Village and community in Flintshire, Wales

Brynford (Brynffordd) is a village and community in Flintshire, Wales. It is located to the south west of the town of Holywell and near the A55 road (North Wales Expressway). Brynford had a population of 1,059 at the 2011 census.

St Michael's Church (Church in Wales) dates from 1851 and is a Grade II listed building. The Cynfaen Memorial Methodist Chapel, serving Brynford, is in the nearby village of Calcoed. Two Bronze Age round barrows known as Clwt Militia (Militia Patch) are located on Holywell Golf Club, about 0.65 mi north-northwest of the church.

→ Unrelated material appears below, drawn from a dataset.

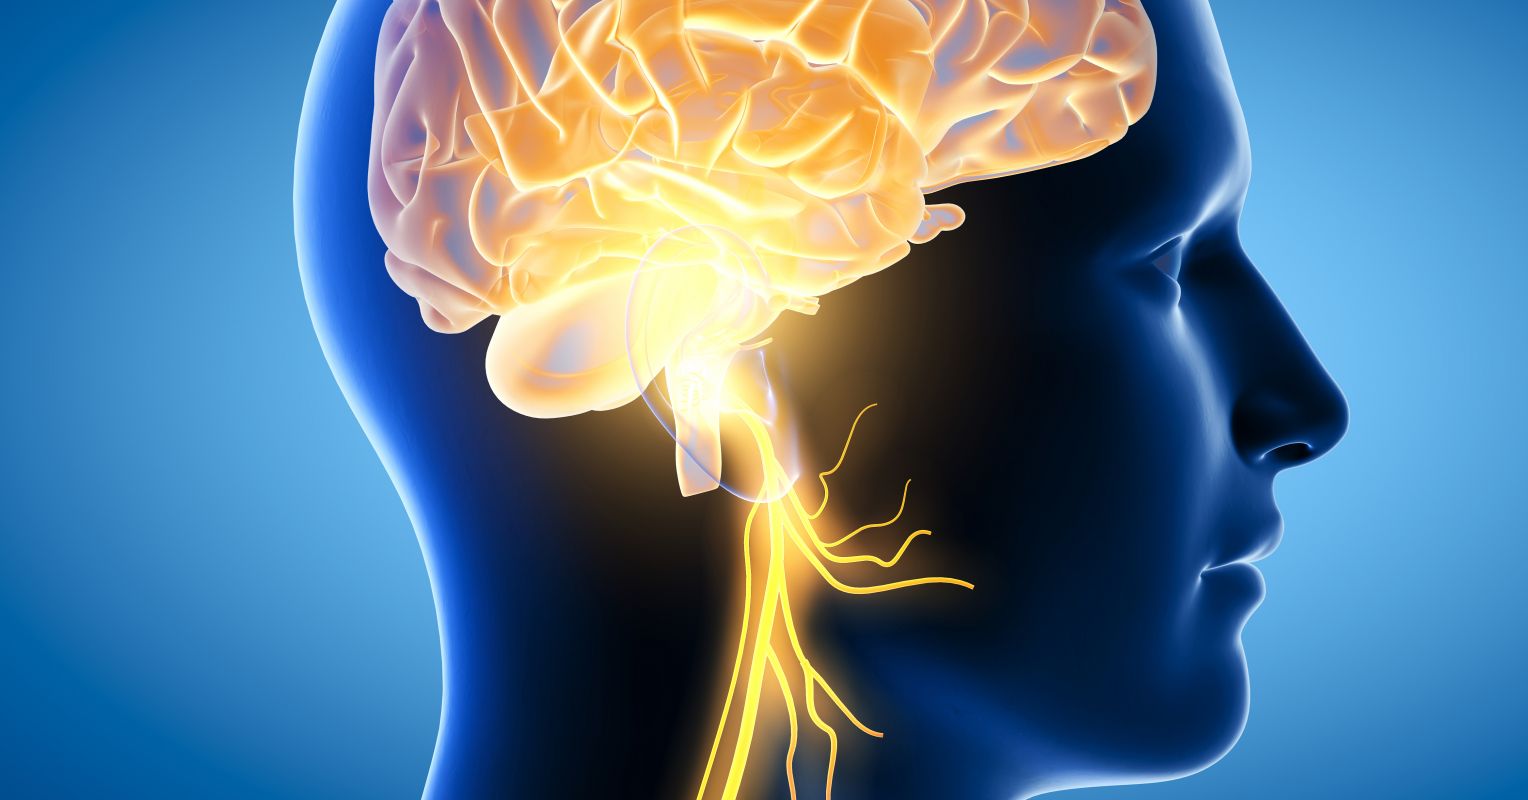 electroCore's non-invasive vagus nerve stimulation device shown to

Historically, the area was extensively mined for lead and has been left with the scars of that past all over its common land.

The explorer and journalist Henry Morton Stanley was a student teacher in the old village school.

The community includes the villages of Calcoed and Dolphin.

==Governance==
The Brynford community was created (as a civil parish) in 1897. It elects ten councillors, and is not divided into wards.

The council is part of Brynford and Halkyn electoral ward on Flintshire County Council, which elects two councillors to that body. Before 2022, there were separate electoral wards for Brynford and Halkyn.

It is part of the Delyn constituency and North Wales region for the Senedd, and of the Clwyd East constituency for Parliament.